3. Deploy the stack:

```bash theme={null}
docker stack deploy -c docker-compose.yml tracecat
```

4. Verify services are running:

```bash theme={null}
docker stack services tracecat
```

## FAQ

For an overview of all services and networking, see [Architecture](/self-hosting/architecture).

<AccordionGroup>
  <Accordion title="Does Tracecat support Windows?">
    Yes but don't forget to set `PUBLIC_APP_URL` to `127.0.0.1` instead of `localhost` in your `.env` file.
  </Accordion>

  <Accordion title="Does Tracecat support WSL?">
    Yes but you'll need to set `PUBLIC_APP_URL` to the WSL IP address instead of `localhost`.
    Run `ip addr` to find your WSL IP address (usually 172.x.x.x).
  </Accordion>

  <Accordion title="I can see the landing page but not the login page">
    This suggests that the Tracecat UI is healthy but is unable to communicate with the Tracecat API.

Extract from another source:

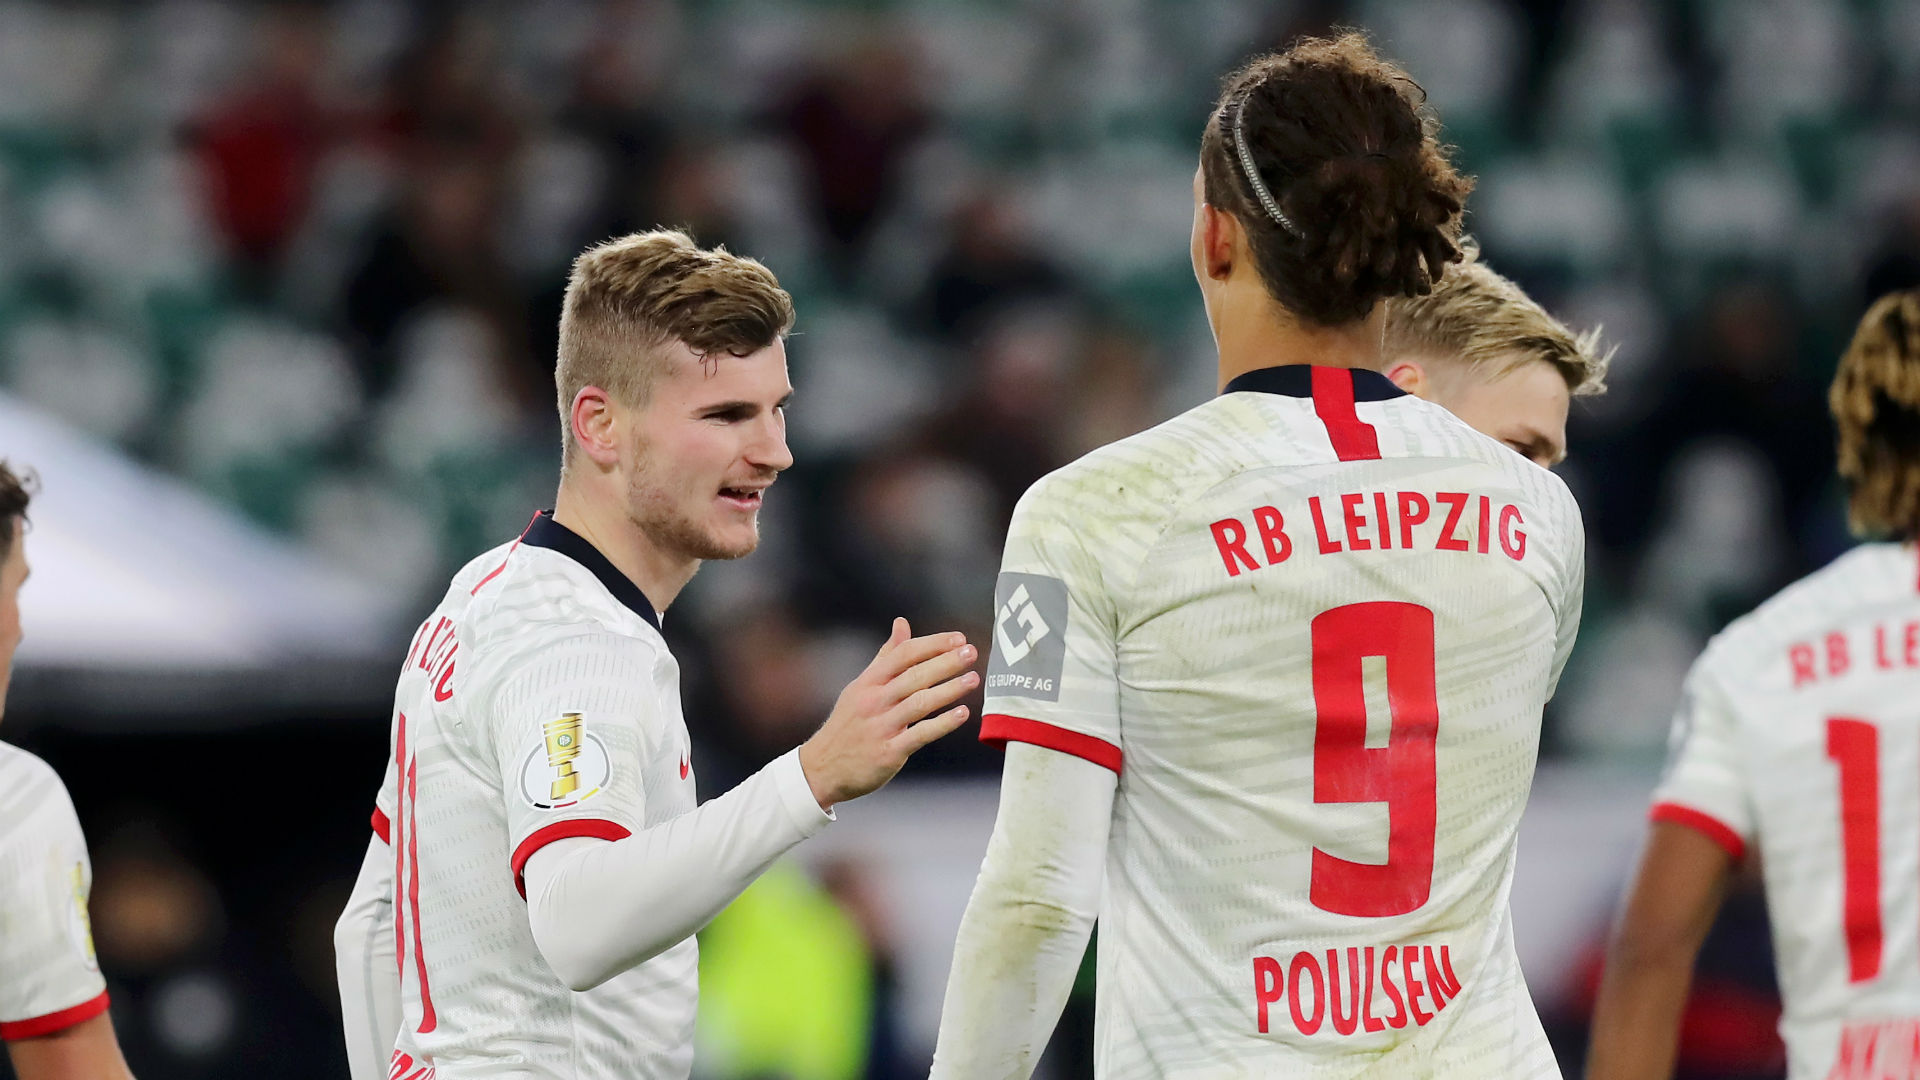 Werner S Future Is Up To Him Says Rb Leipzig Team Mate Poulsen Bundesliga News Stadium Astro

    * Check that the `api` service is healthy
    * Check that this is not a CORS issue (see next FAQ)
    * Check that you changed `PUBLIC_APP_URL` and `PUBLIC_APP_PORT` to the correct address
    * Check the Chrome developer console for any errors
  </Accordion>

  <Accordion title="What is the CORS issue?">
    You must configure `PUBLIC_APP_URL` and `PUBLIC_API_URL` to the same domain that your browser is accessing the Tracecat UI from.
    Tracecat strictly enforces CORS to prevent XSS attacks.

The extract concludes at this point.